27.6.06

Conseguisse eu amar as pedras

Construí pontes, como limpos devaneios, penedos
conseguisse ter caras no lugar de pedras, narizes e veias,
a quem chamasse amor, em cada segundo pudesse arrancar-te um
pouco mais de aridez, de secura.
Esta palavra. Agora. Este verso. Soubesse que a verdade
poderia corrigir com que, nesta
penúria de ambos, os teus devaneios
vencessem a dureza dos penedos. Como em gestos
de narizes e de veias e de pedras, te repusesse uma semente
que regava ao inspirar o teu cheiro,
ao pisar a tua ponte, silêncios. Confundindo os teus,
trocando a tua orla bocal pelo copo em que sede abafa a água
de sonhos já secos. Aí, sobre as pontes que construíra, navego
de vez pelas sombras de pólen e amor em ocultos.
Faço das pontes saída e entrada de campos novos e cheios e flores.
Faço o mesmo ao amor, sempre que entre nós
há portagens de silêncios e ocultos e seca. Num quadro sem cores,
de castanhos, de sol obtuso, de nuvens maciças, pontes e rochas
e o defunto mar do tempo em corrida
e a corrida não para, nem o tempo, nem o vento, nem nós.

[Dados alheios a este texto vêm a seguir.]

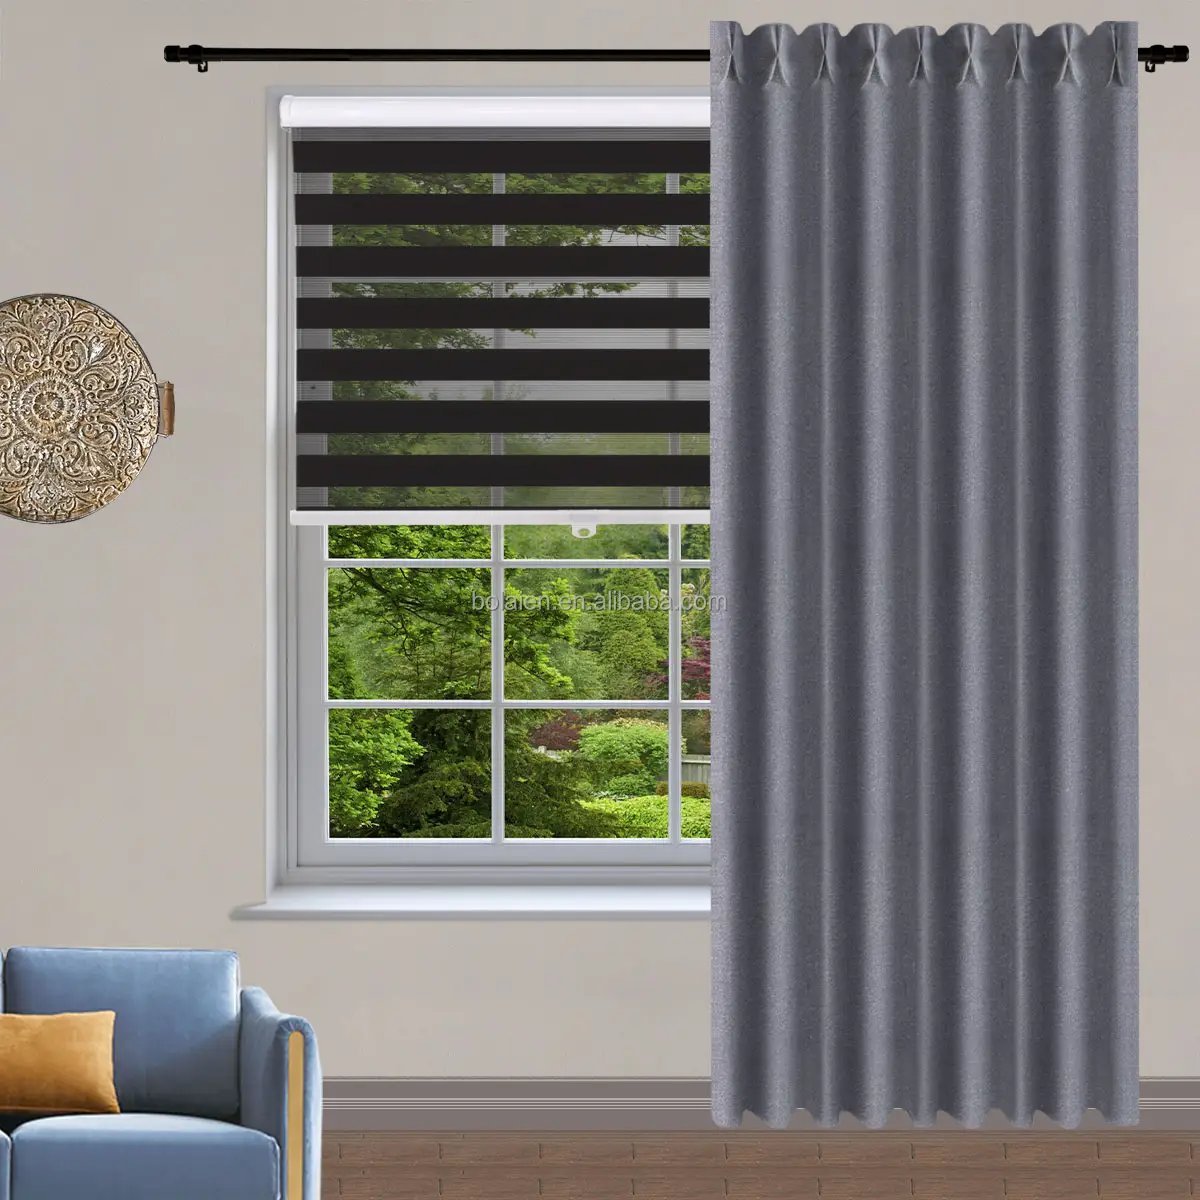 Cortinas de janela e persianas, cortinas sem fio de tecido blackout para decoração de casa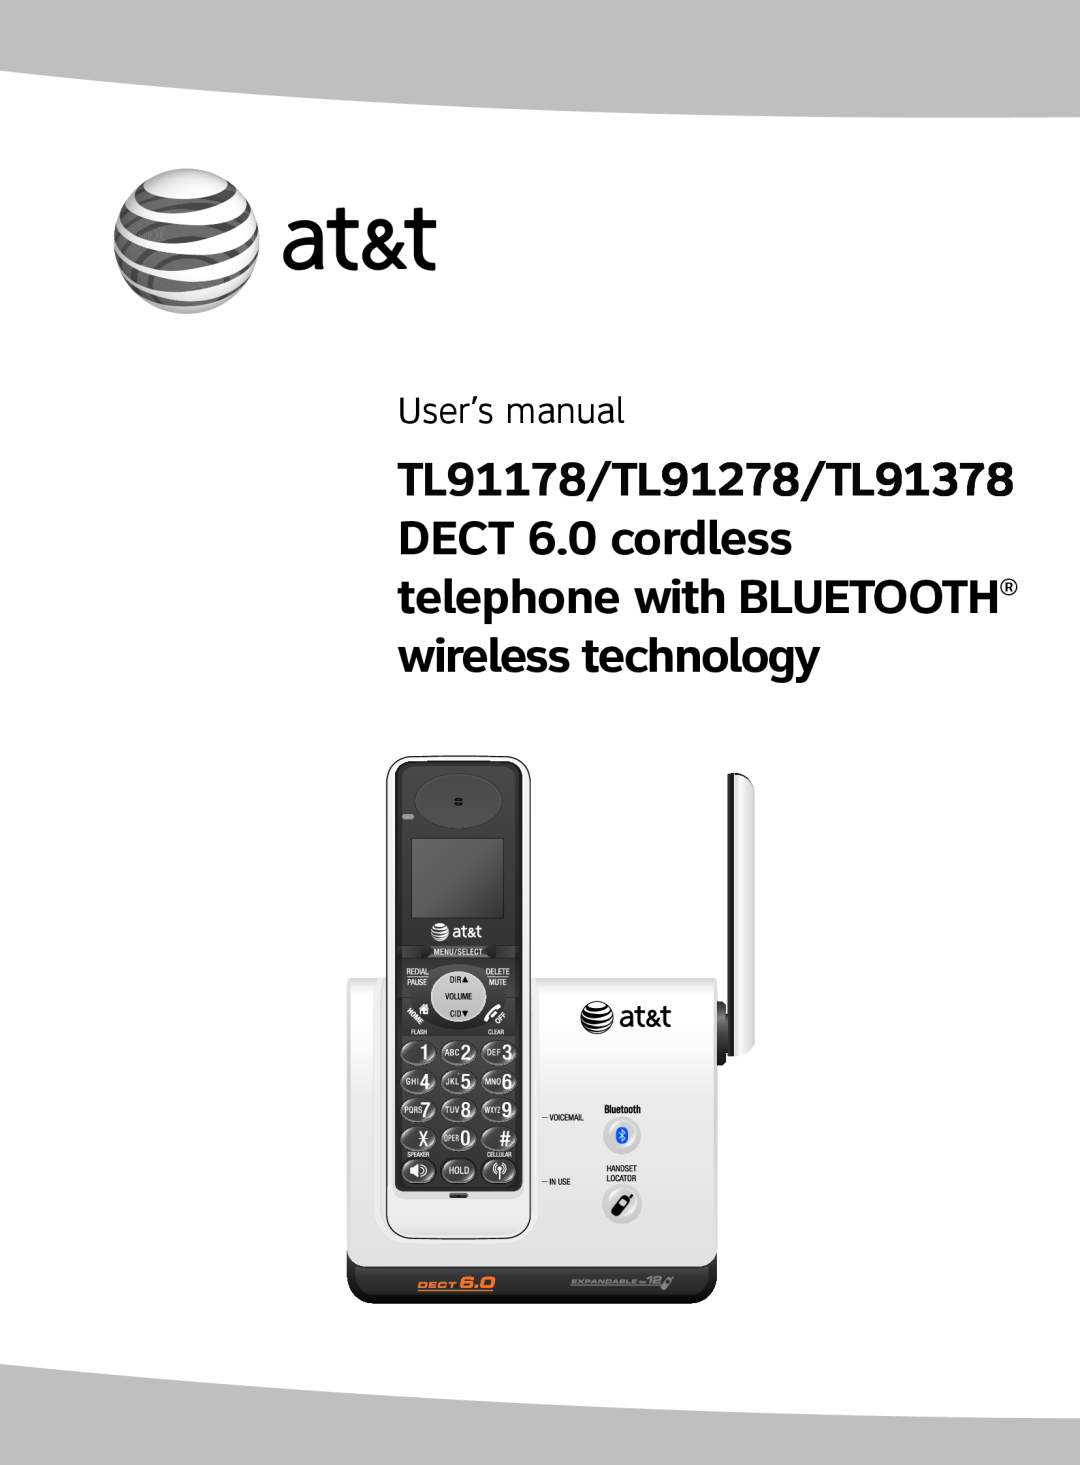 AT&T TL91378, TL9178, TL91178, TL91278 user manual User’s manual

Roubarei eu o tempo que perdemos?
Conseguisse ter a tua cara no lugar das pedras, narizes e veias, conseguisse.
Conseguisse eu amar as pedras.

Molero

17.6.06

A imensidão da sede

Fui enganado pela leveza obscena do teu Passado,
Saberia eu que as pedrinhas no sapato eram já pedaços teus,
nesta cadeira, agora, esperneio de dor
nos braços longos das palavras.
Aquele é o chão que fecundo foi, e limpo e cuidado deu, e os teus dedos o tocaram.
Os meus dedos são feitos de negro, de pólvora com unhas
e carne, como lava queima.
Escondo-me dos teus dedos para sempre,
tapo o que sobra com as palavras da fome que ferve.
E ser migalha, ser quebradiço, ser delgado como cabelos cegos. Nesta cadeira, agora,
escondo-me do fogo cruzado sobre as vistas, sobre o peito.
Centro em mim um medo de rato, um medo de fraco. Tive em mim a convicção dos leões,
agora, nesta cadeira, não me sobram os nomes e abundam-me os verbos. Não soube o que
disse, não soube o que não disse. Não soube. Não. Linha de
rosto em militar apatia, da letargia,
da vida fugaz dos meus dedos de fome.
É esta a tarde em que fingi desinteressar-me, fabulei não ter fome.
A cicatriz permanece hirta dentro do meu lábio.

Voltei a esticar os braços tentando unir-nos com a mão.
Saberei eu que já se não une o que foi quebrado?
Não sei se a fome se mata com balas de impossível.
Não sei se consigo fazer do medo escudo.
Não sei se matarei a fome com ele.

Fui, nos teus dedos, uma gota na imensidão da sede.

Molero

12.6.06

Irmão dos dias

como chávena branca, apenas um gesto te dava
fronteiras de planície sobre o braço
em mutação, numa revolta de embaraço,
de paragem de peito que transbordava.

estavas azul e laranja num traço
de sombra que o final do sonho me parava
e a boca era luz que condensava
o mais negro verbo pintado a aço.

apenas o peso do sonho te faria
espreguiçar a ilusão e a verdade,
irmã dos dias e dos poemas que serão.

rasgando em branco de eterna utopia,
a dor dos olhos, a pena da claridade,
o gesto que me dará a mais escura prisão.